實用scrapy批量下載自己的博客園文章

本文轉載自查看原文 2017-04-02 21:55 1547 Python

首先，在items.py中定義幾個字段用來保存網頁數據（網址，標題，網頁源碼）

如下所示：

import scrapy


class MycnblogsItem(scrapy.Item):
    # define the fields for your item here like:
    # name = scrapy.Field()
    page_title = scrapy.Field()
    page_url = scrapy.Field()
    page_html = scrapy.Field()

最重要的是我們的spider，我們這里的spider繼承自CrawlSpider，方便我們定義正則來提示爬蟲需要抓取哪些頁面。

如：爬去下一頁，爬去各個文章

在spdier中，我們使用parse_item方法來解析目標網頁，從而得到文章的網址，標題和內容。

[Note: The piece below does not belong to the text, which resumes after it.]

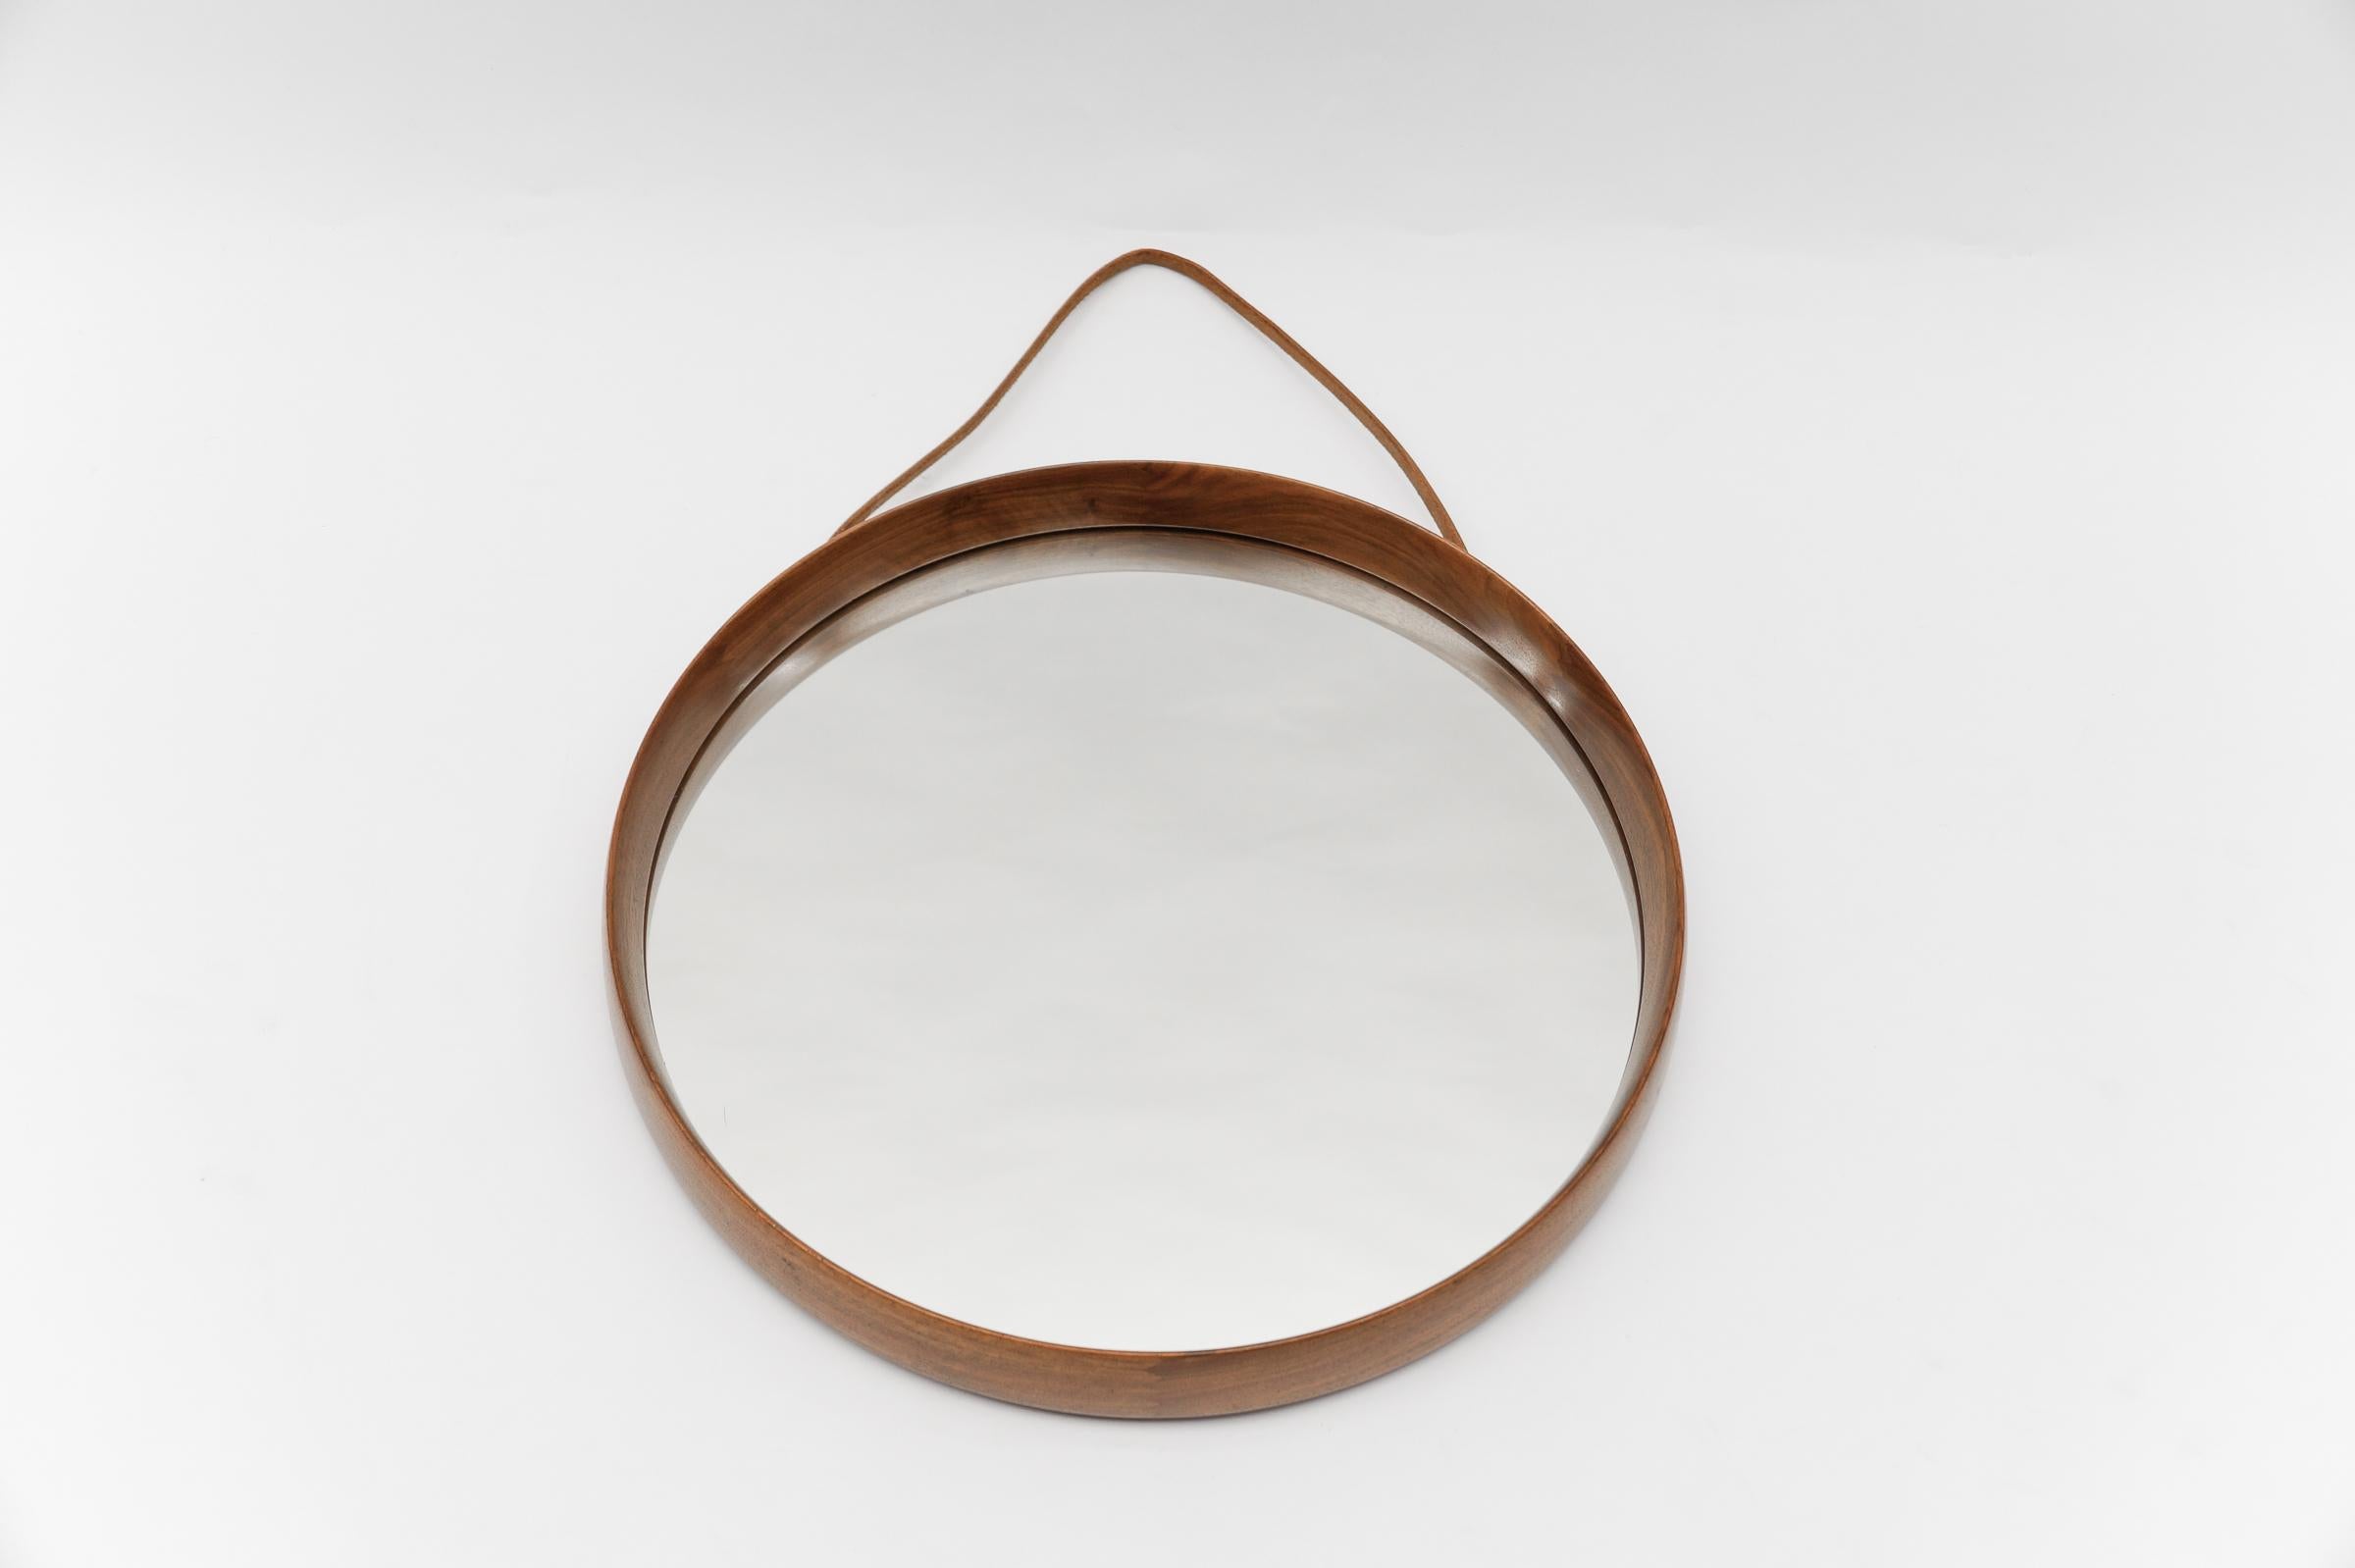 Scandinavian Modern Lovely Round Wall Mirror in Teak and Leather, Sweden 1960s For Sale
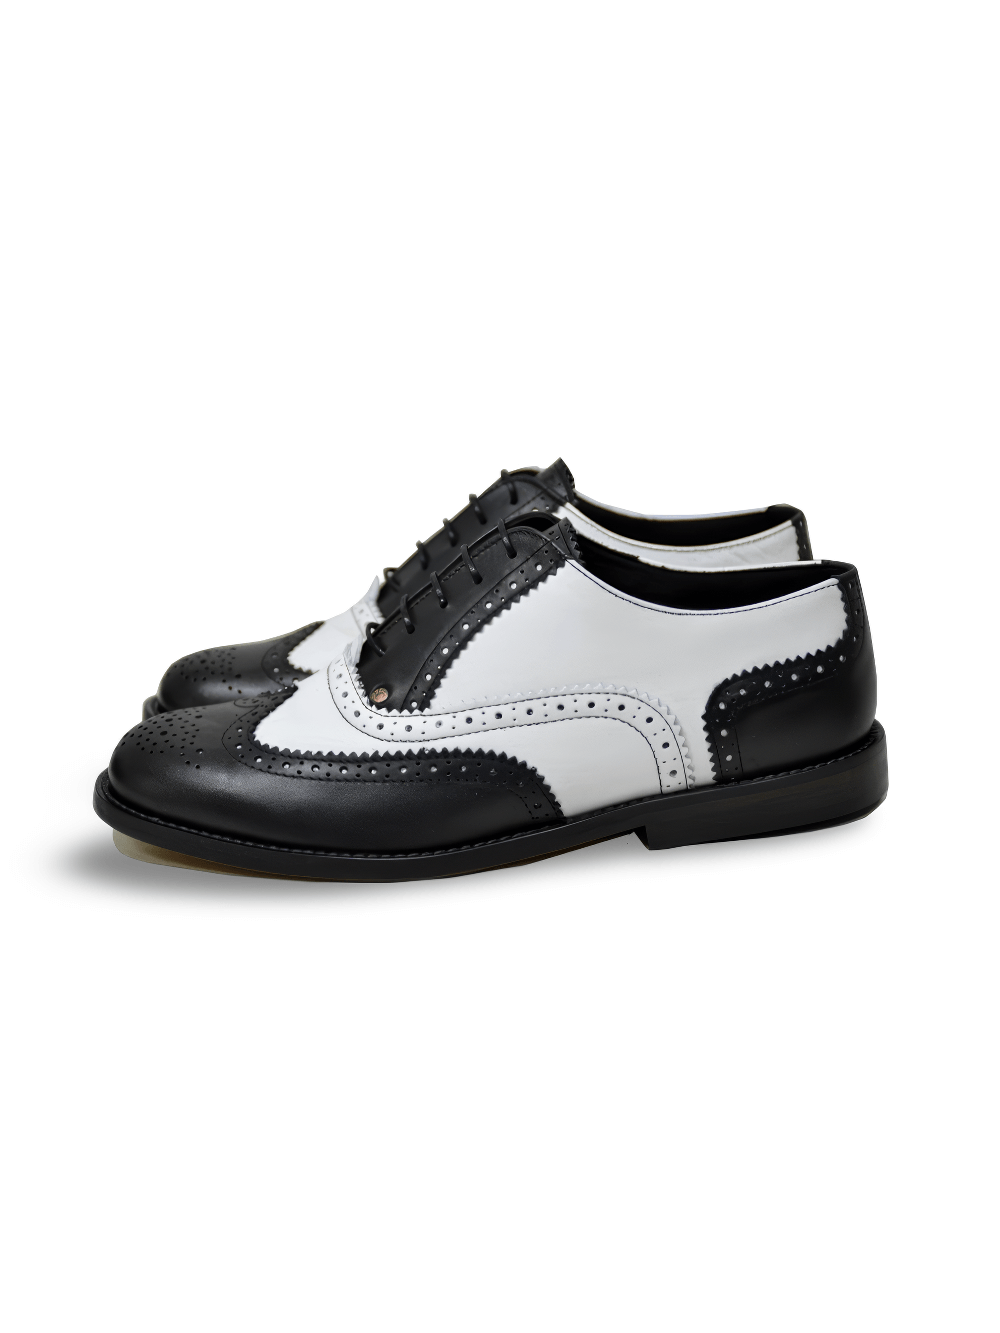 Men's Rockabilly Leather Oxford Shoes in Two-Tone

注：在parse_item方法中，我們在得到的html源碼中，新增了base標簽，這樣打開下載后的html文件，不至於頁面錯亂，而是使用博客園的css樣式

spdier源碼如下:

# -*- coding: utf-8 -*-
from mycnblogs.items import MycnblogsItem
from scrapy.linkextractors import LinkExtractor
from scrapy.spiders import CrawlSpider, Rule

class CnblogsSpider(CrawlSpider):
    name = "cnblogs"
    allowed_domains = ["cnblogs.com"]
    start_urls = ['http://www.cnblogs.com/hongfei/']
    rules = (
        # 爬取下一頁，沒有callback，意味着follow為True
        Rule(LinkExtractor(allow=('default.html\?page=\d+',))),
        # 爬取所有的文章，並使用parse_item方法進行解析，得到文章網址，文章標題，文章內容
        Rule(LinkExtractor(allow=('hongfei/p/',)), callback='parse_item'),
        Rule(LinkExtractor(allow=('hongfei/articles/',)), callback='parse_item'),
        Rule(LinkExtractor(allow=('hongfei/archive/\d+/\d+/\d+/\d+.html',)), callback='parse_item'),
    )

    def parse_item(self, response):
        item = MycnblogsItem()
        item['page_url'] = response.url
        item['page_title'] = response.xpath("//title/text()").extract_first()
        html = response.body.decode("utf-8")
        html = html.replace("<head>", "<head><base href='http://www.cnblogs.com/'>")
        item['page_html'] = html
        yield item

在pipelines.py文件中，我們使用process_item方法來處理返回的item

# -*- coding: utf-8 -*-

# Define your item pipelines here
#
# Don't forget to add your pipeline to the ITEM_PIPELINES setting
# See: http://doc.scrapy.org/en/latest/topics/item-pipeline.html
import codecs

class MycnblogsPipeline(object):

    def process_item(self, item, spider):
        file_name = './blogs/' + item['page_title'] + '.html'
        with codecs.open(filename=file_name, mode='wb', encoding='utf-8') as f:
            f.write(item['page_html'])
        return item

以下是item pipeline的一些典型應用：

清理HTML數據
驗證爬取的數據(檢查item包含某些字段)
查重(並丟棄)
將爬取結果保存到數據庫中

為了啟用一個Item Pipeline組件，你必須將它的類添加到 ITEM_PIPELINES 配置，就像下面這個例子:

ITEM_PIPELINES = {
   'mycnblogs.pipelines.MycnblogsPipeline': 300,
}

程序運行后，將采集所有的文章到本地，如下所示：

原文地址：http://www.cnblogs.com/hongfei/p/6659934.html

免責聲明！

本站轉載的文章為個人學習借鑒使用，本站對版權不負任何法律責任。如果侵犯了您的隱私權益，請聯系本站郵箱yoyou2525@163.com刪除。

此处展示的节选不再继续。